___ RECORDS TO USE

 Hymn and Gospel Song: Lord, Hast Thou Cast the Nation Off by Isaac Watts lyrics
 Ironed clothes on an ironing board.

______
___ RECORDS TO USE

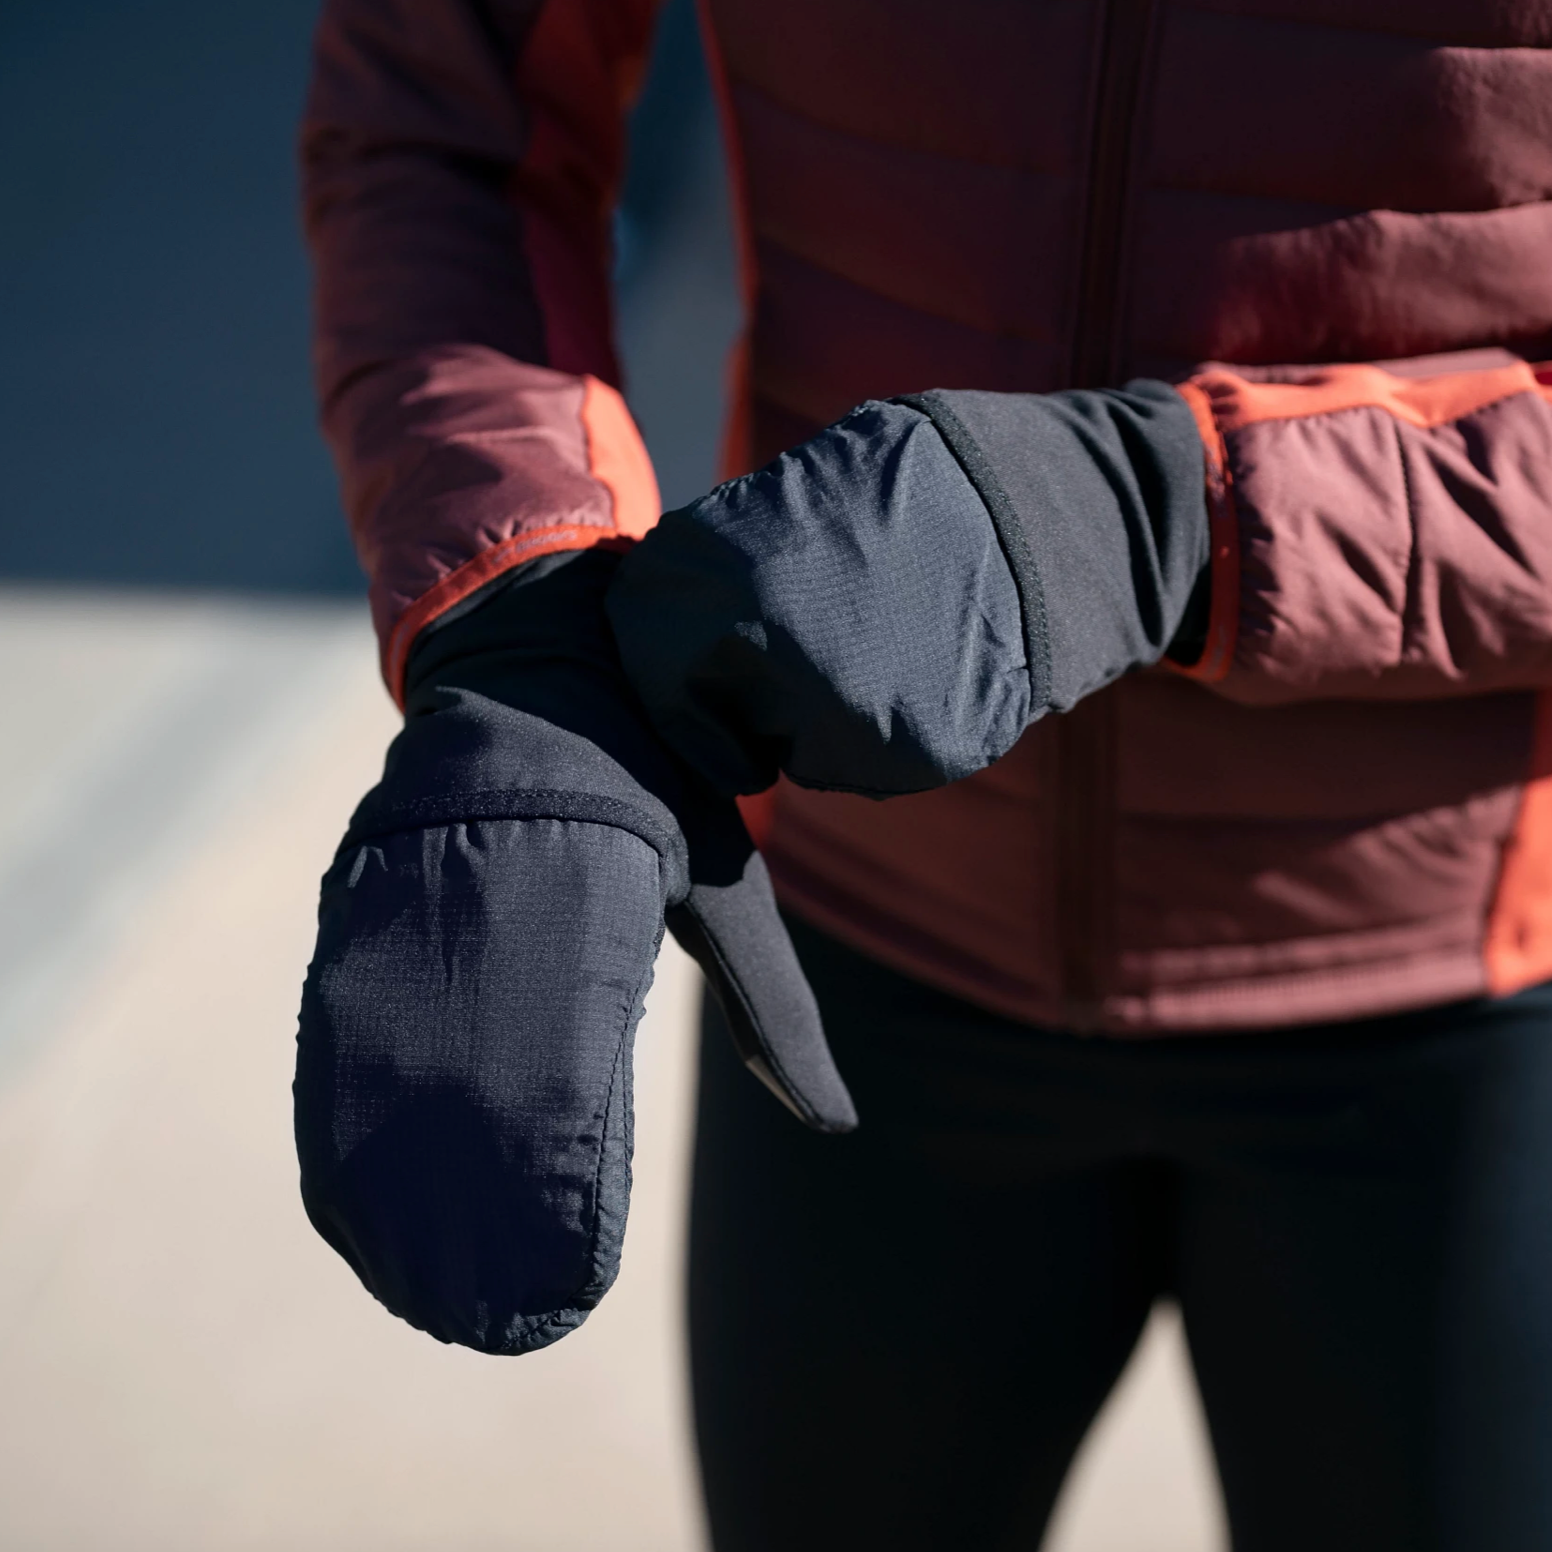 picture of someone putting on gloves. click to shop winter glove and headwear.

______
___ RECORDS TO USE

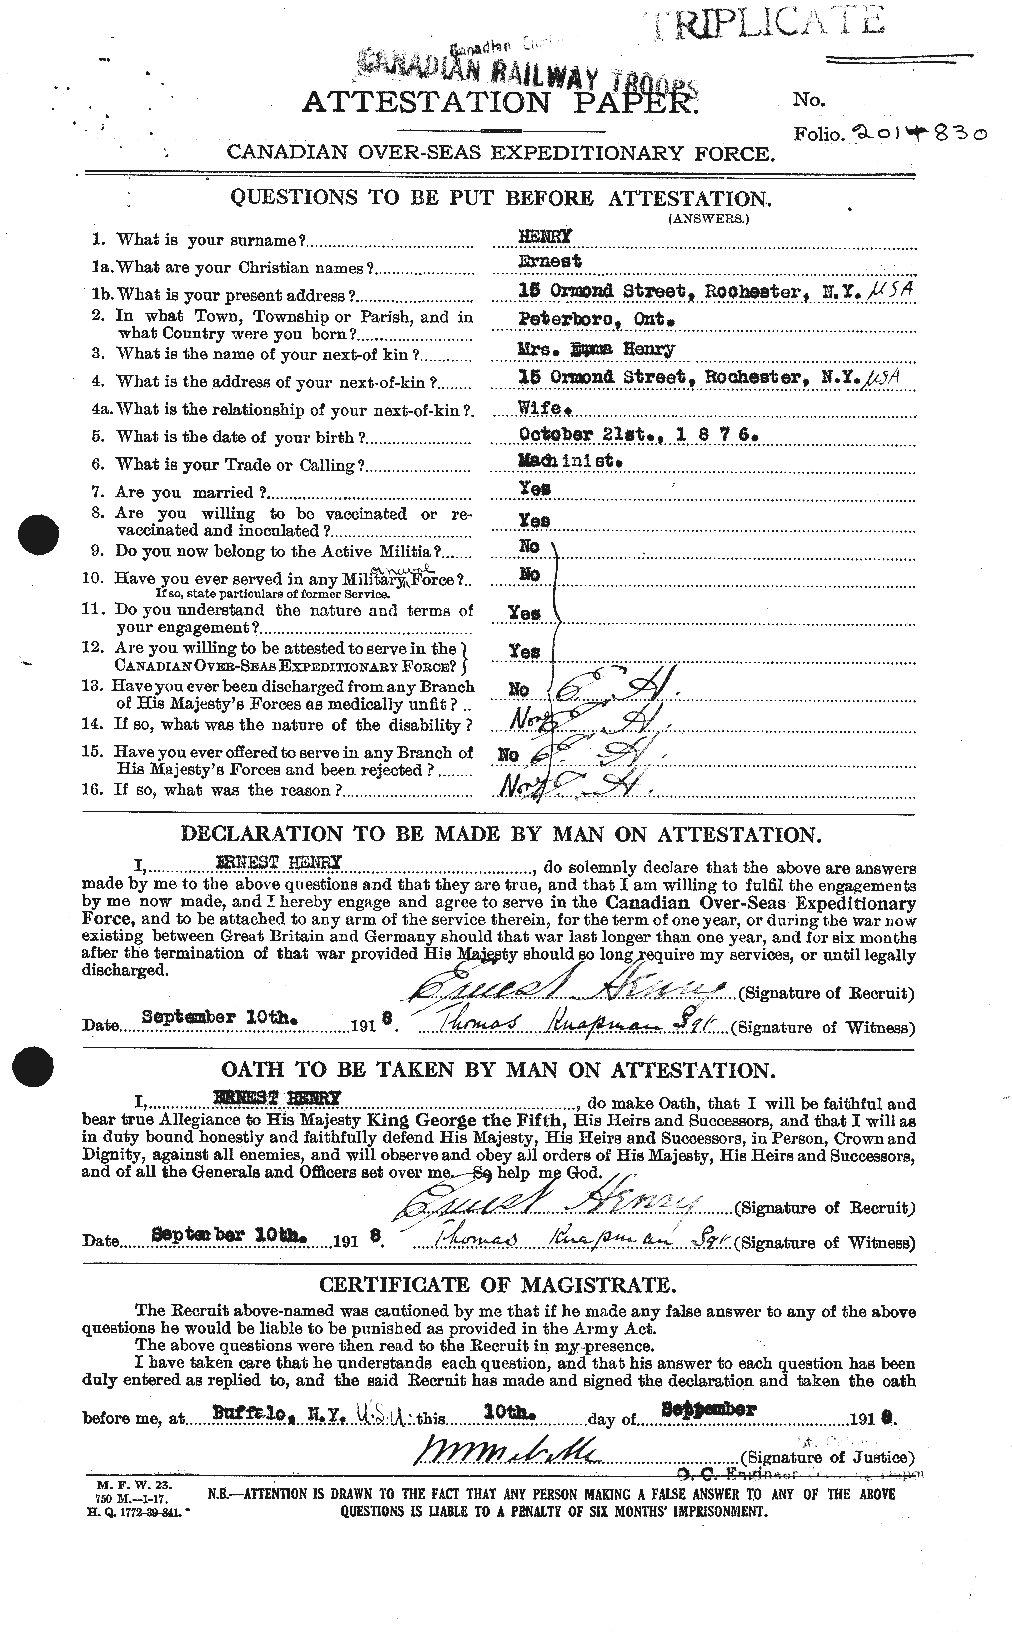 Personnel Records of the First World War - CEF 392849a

______

● WHAT TO PRODUCE:
Repeat, character for character, the lines of the material above from the line with "Hymn and Gospel" through the line with "Ironed clothes on an ironing board.".

● RESULT FOR THIS TASK:
 Hymn and Gospel Song: Lord, Hast Thou Cast the Nation Off by Isaac Watts lyrics
 Ironed clothes on an ironing board.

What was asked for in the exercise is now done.